**Instructions to follow**:
Your task is to output the listing word for word, with pictures excluded.

**The data**:
══════
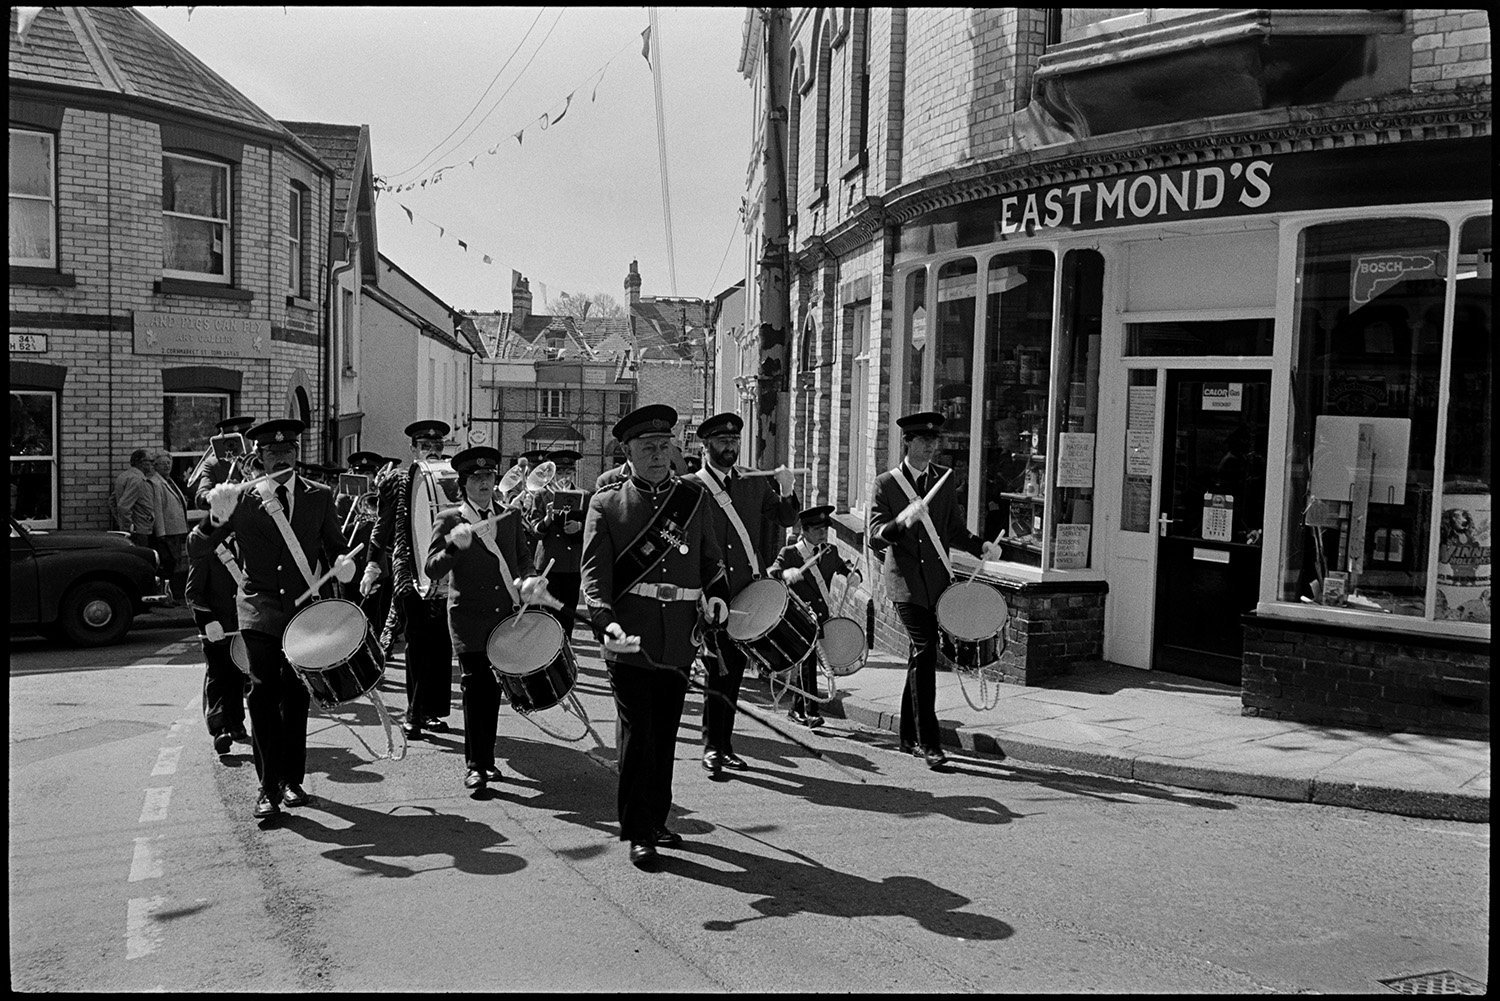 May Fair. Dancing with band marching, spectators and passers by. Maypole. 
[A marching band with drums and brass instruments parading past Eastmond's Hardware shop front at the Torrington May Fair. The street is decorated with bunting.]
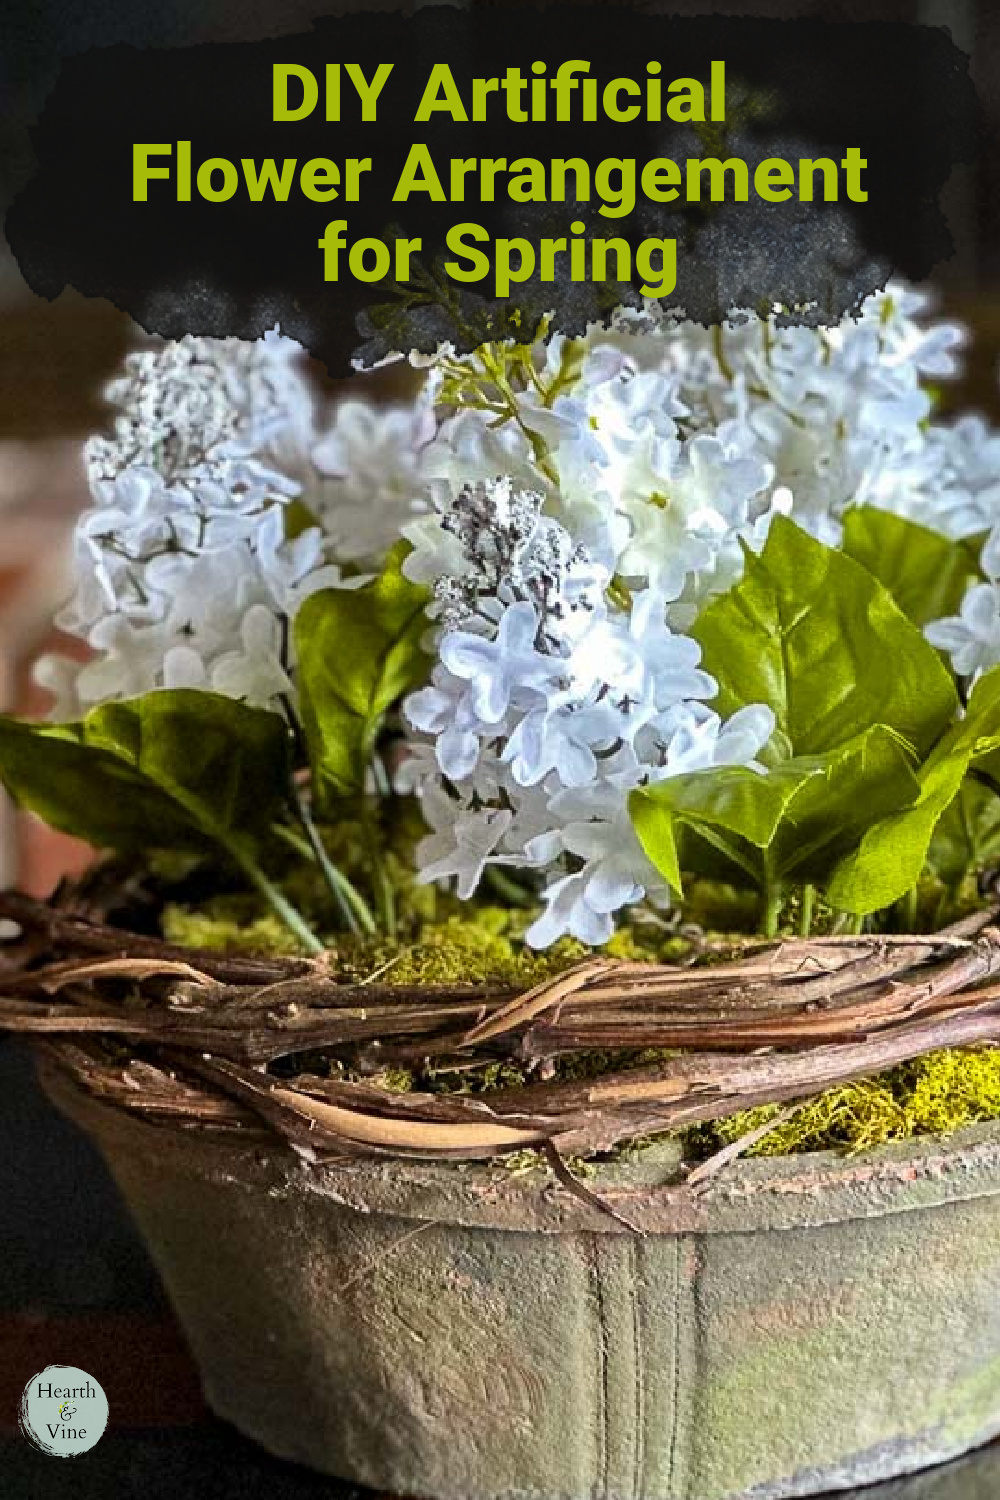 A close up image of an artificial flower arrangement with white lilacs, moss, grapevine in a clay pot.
══════
**Result of this exercise**:
 May Fair. Dancing with band marching, spectators and passers by. Maypole. 
[A marching band with drums and brass instruments parading past Eastmond's Hardware shop front at the Torrington May Fair. The street is decorated with bunting.]
 A close up image of an artificial flower arrangement with white lilacs, moss, grapevine in a clay pot.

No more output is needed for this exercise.